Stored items
☆ ☆ ☆ ☆

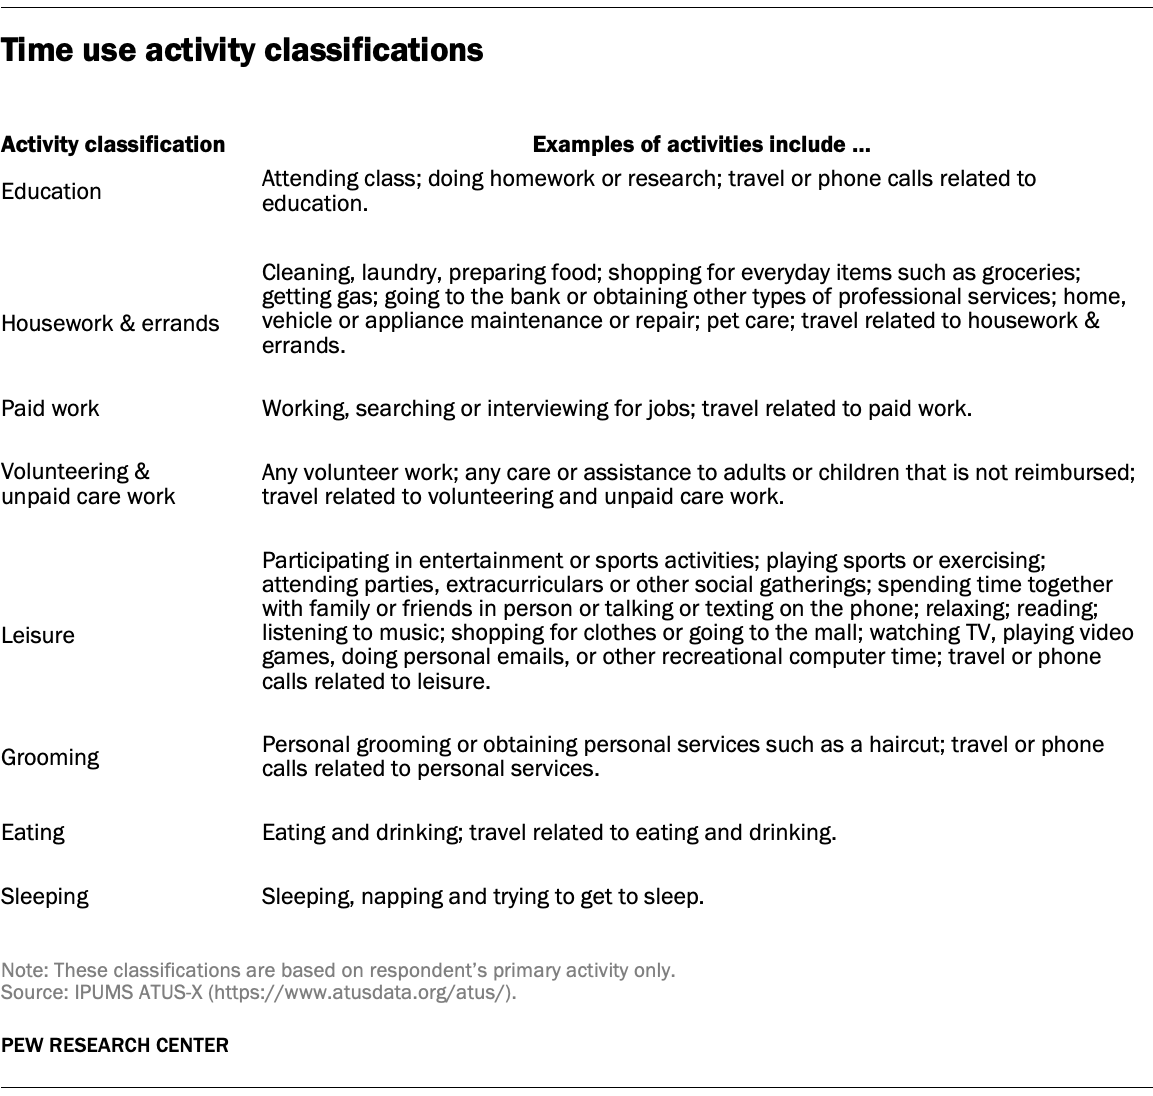 Time use activity classifications
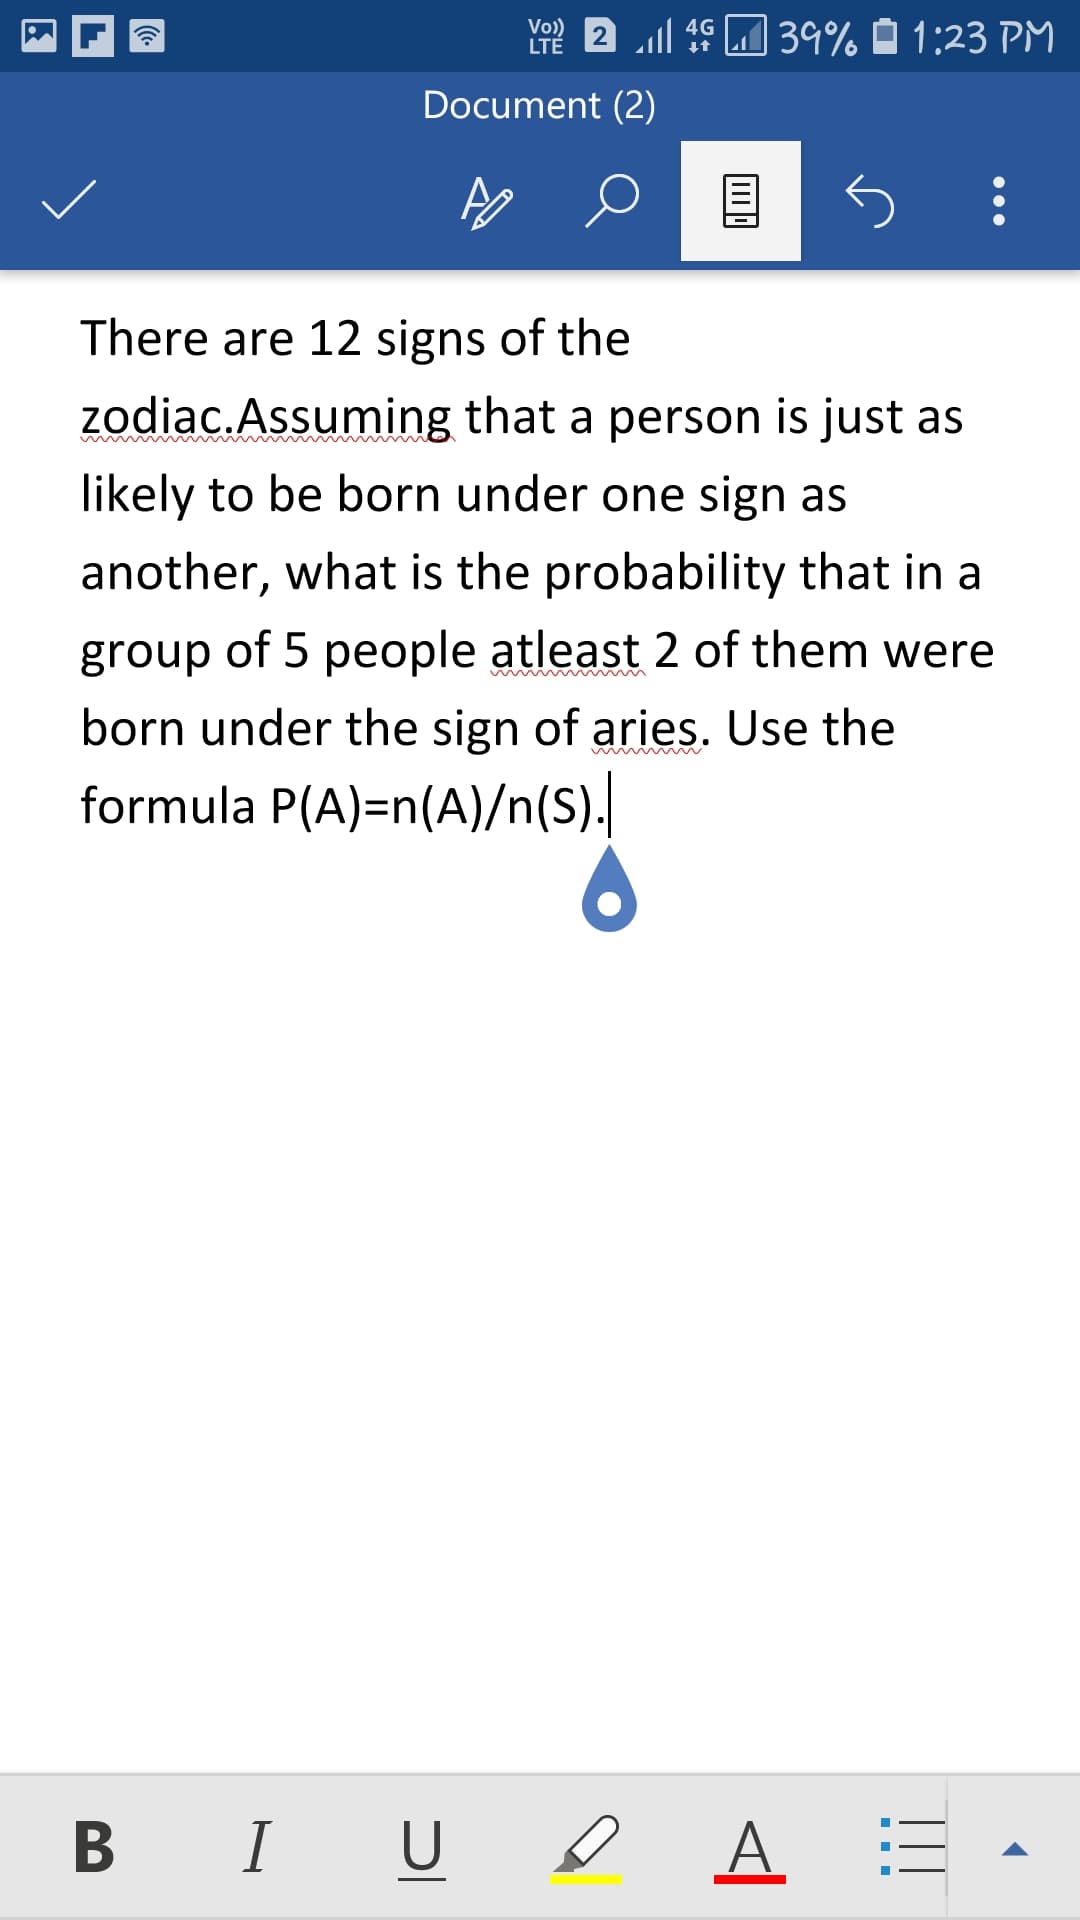 There are 12 signs of the
zodiac.Assuming that a person is just as
likely to be born under one sign as
another, what is the probability that in a
group of 5 people atleast 2 of them were
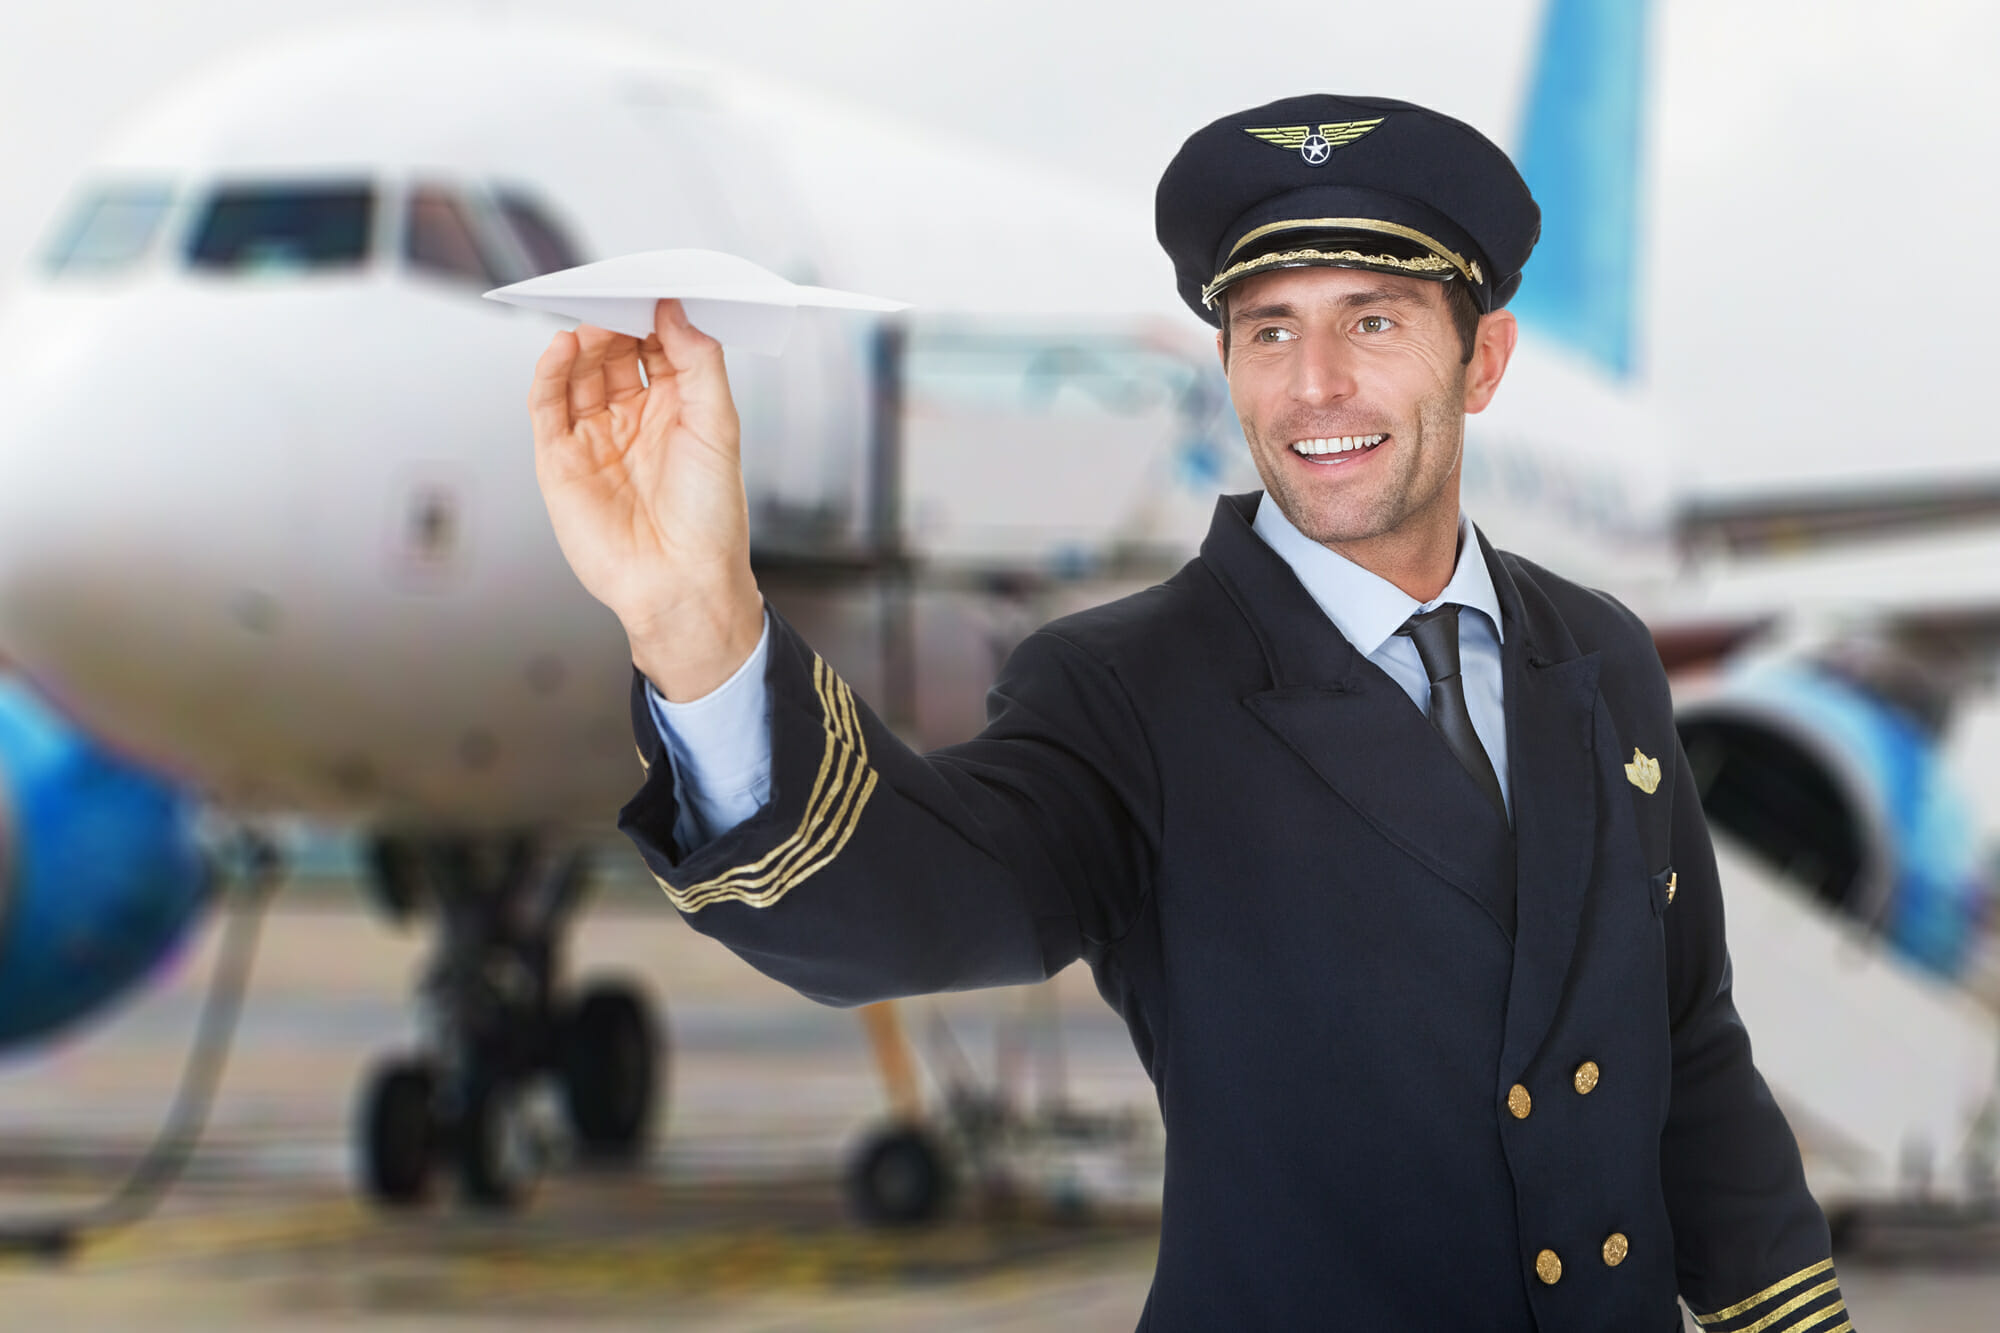 How To Be A Airline Pilot - Societynotice10

☆ ☆ ☆ ☆

#### WORK REQUIRED:
Without including any pictures, output each entry above exactly as it appears.

#### COMPLETED TASK:
 Time use activity classifications
 There are 12 signs of the
zodiac.Assuming that a person is just as
likely to be born under one sign as
another, what is the probability that in a
group of 5 people atleast 2 of them were
 How To Be A Airline Pilot - Societynotice10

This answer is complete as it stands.